The Emperor and the Virgins

Roman religio (from which the English word “religion” derives) signified an obligation to the gods. According to this principle, Romans were expected to pay attention to divine and religious matters, including the most important aspect of religious practice, sacrifice. By offering animals to the gods, Romans hoped to receive good fortune or gain insight into a question or problem. While their religion certainly had private elements, its public rituals often intertwined faith with politics. That connection was also, and especially, visible in the worship of the emperor.

The imperial cult was a group of rites and practices that praised a deceased emperor’s divine status. Emperors were often deified (made gods) after they died, by order of their successors and with approval by the Senate. This formal process of deification was known as apotheosis and was extended to emperors who were remembered favorably (Figure 7.13). The process of deification had become so routine among later emperors that when the emperor Vespasian was dying, he is reported to have said, “Alas! I think I am becoming a god!”

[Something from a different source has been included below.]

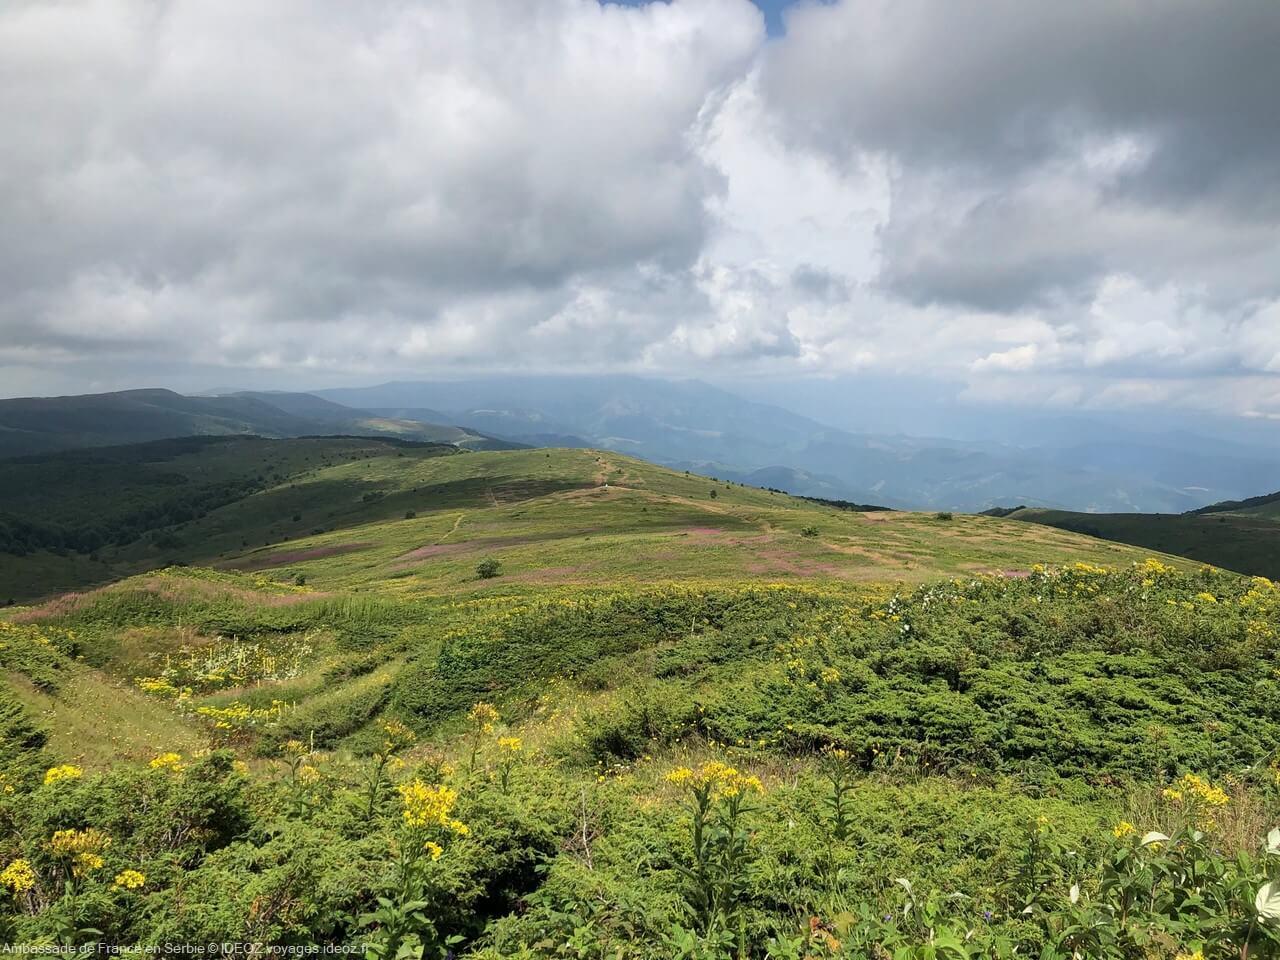 Randonnée à Stara Planina, sur la via dinarica voie verte en Serbie 5

A carving in dirty white stone is shown. The top left corner shows detailed carvings of leaves in the ridges and feathers are carved in the wall on the top right. A man and a woman are carved in the middle. He is shown with short curly hair, a beard and long robes. He holds a long, thick scepter with a winged animal with a curved beak carved at the top. Feathers are carved into the wall behind the scepter. At the right the woman is shown with small eyes, large nose, downturned mouth, wavy hair under a cloth on her head and a dress with a belt tied in the middle. She holds a scepter with a round ball at the top in her left hand. In the bottom right forefront a naked chested figure is shown with shoulder length curly hair and large wings extending out their back. They have almond shaped eyes and a large nose.
Figure 7.13 The Apotheosis of Emperor Antoninus Pius and Empress Faustina. This detail of a carved marble column from the second century CE shows the apotheosis, or elevation to divine status, of the emperor Antoninus Pius and his wife Faustina. A winged genius (an attendant spirit) in the lower right carries the two to heaven. (credit: “Column Base of Antoninus Pius (II)” by Institute for the Study of the Ancient World/Flickr, CC BY 2.0)

In this period, priesthoods were created specifically for the worship of a defied emperor. A number of priesthoods already existed that were attached to specific gods and that organized the religious affairs of the city, such as the festival calendar. Priesthoods for the imperial cult were added to this group of religious offices that men could join to further their public careers.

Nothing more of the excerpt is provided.